Musique et droit : indépendante ou employée ?

Yvette Kovacs, docteure en droit et conseillère juridique de la SSPM et avocate à Zurich, répond aux questions des membres de la SSPM.

Question d’un membre de la SSPM : Je suis professeure de musique dans une école de musique et j’exerce également la fonction de directrice de chœur. Après une longue période de maladie, la direction de l’école ne veut me verser que mes heures d’enseignement en tant que salaire maladie et prétend que mon activité de direction de chœur relève d’un contrat de mandat et que je n’ai donc pas droit à un salaire maladie. Et ce, bien que les activités d’enseignement et de direction de chœur m’aient été confiées en même temps. Est-ce que cela est légal ?

Réponse de Dr Kovacs :

1.)La réponse à cette question dépend du fait que l’activité de directrice de chœur est exercée dans le cadre d’un contrat de travail ou en tant qu’indépendante.

2.)Presque toutes les activités peuvent être exercées en tant qu’indépendant ou salarié. Des divergences d’opinion surgissent régulièrement à ce sujet. C’est pourquoi l’activité devrait être décrite par écrit dans un contrat et la question de savoir s’il s’agit d’un emploi ou d’un mandat devrait être clarifiée. En fin de compte, c’est la structure du contrat concret (et non le titre) qui détermine s’il s’agit d’un emploi ou d’une activité indépendante. Plus la description est précise, plus la qualification juridique est claire.

3.)Pour délimiter ces types d’activités, les tribunaux ont développé une pratique étendue. Ils considèrent que les critères de délimitation suivants sont essentiels :

a) Les caractéristiques suivantes parlent notamment en faveur de l’indépendance :

  • Libre détermination du temps de travail par le chef de chœur.
  • Le chef de chœur n’est pas lié par les instructions du comité de direction et exerce son activité sous sa propre responsabilité.
  • Le choix du programme est effectué par le chef de chœur.
  • Le chef de chœur doit payer lui-même toutes les cotisations de sécurité sociale.
  • Le chef de chœur perçoit des honoraires pour son activité indépendante (et non un salaire)

b) Les éléments suivants plaident notamment en faveur de la dépendance (engagement en tant que salarié) :

  • Le chef de chœur est engagé en tant que salarié.
  • Le chef de chœur s’intègre dans l’organisation de l’employeur (association, école, etc.) et suit les directives de celui-ci.
  • Le choix du programme est effectué par l’employeur.
  • L’employeur verse un salaire et en déduit les cotisations de sécurité sociale.
  • L’employeur paie le temps de maladie et les vacances dans le cadre des dispositions légales.
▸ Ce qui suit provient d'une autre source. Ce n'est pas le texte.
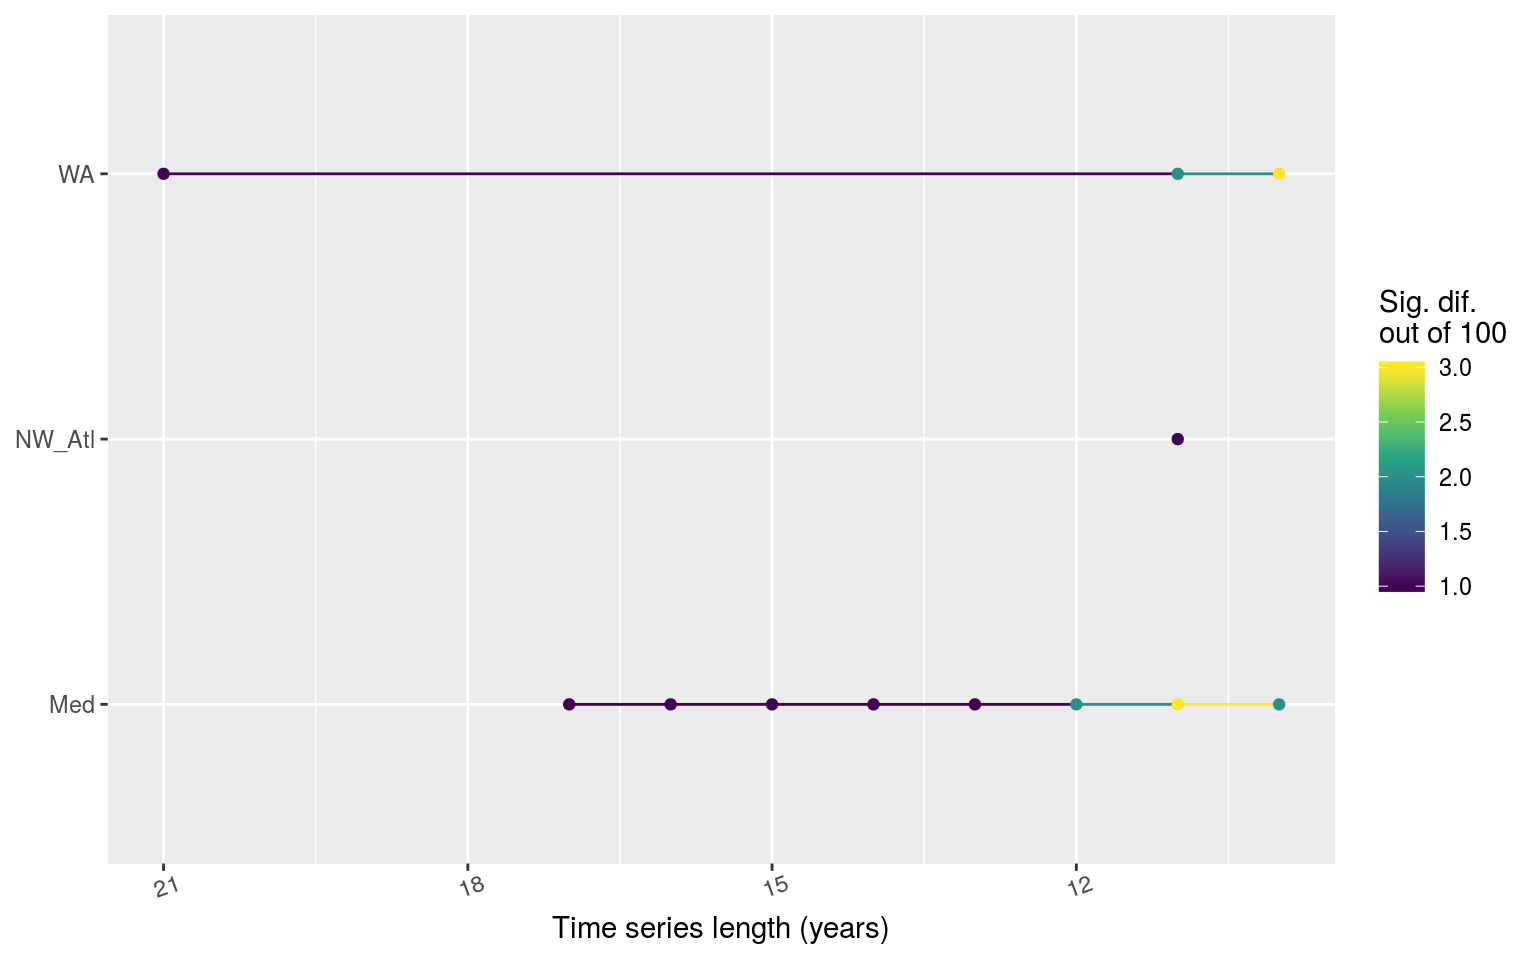 Line graph showing the count of times out of 100 random replicates when a given time series length led to significant differences in the count of categories of MHWs as determined by a _chi_-squared test.

4.)Ce n’est que dans le cadre d’un contrat de travail que la loi prévoit le maintien du salaire pendant une période      limitée, en fonction de la durée de l’engagement. En revanche, les travailleurs indépendants doivent en principe subvenir à leurs besoins et ne reçoivent rien en cas de maladie. Demeurent réservés les cas où il est expressément stipulé dans un contrat concret ou dans une convention collective de travail que les prestations sont fournies par le donneur d’ordre en cas de maladie.

5.) La conclusion est que dans le cas présent, les différents critères de délimitation doivent être établis et classés. Par la suite, la directrice de chœur a fait savoir que, pour son activité de direction de chœur également, elle devait se conformer à l’horaire de l’école de musique et que les programmes des concerts étaient prédéterminés. De plus, elle subit des déductions AVS/AI/APG sur les salaires de toutes ses activités. À cela s’ajoute le fait que l’activité d’enseignement est réglée par contrat avec la direction du chœur. Ce sont des indices forts qui montrent que les deux activités doivent être traitées de manière uniforme comme un rapport de travail. Le salaire des malades doit donc être versé de la même manière pour les deux activités.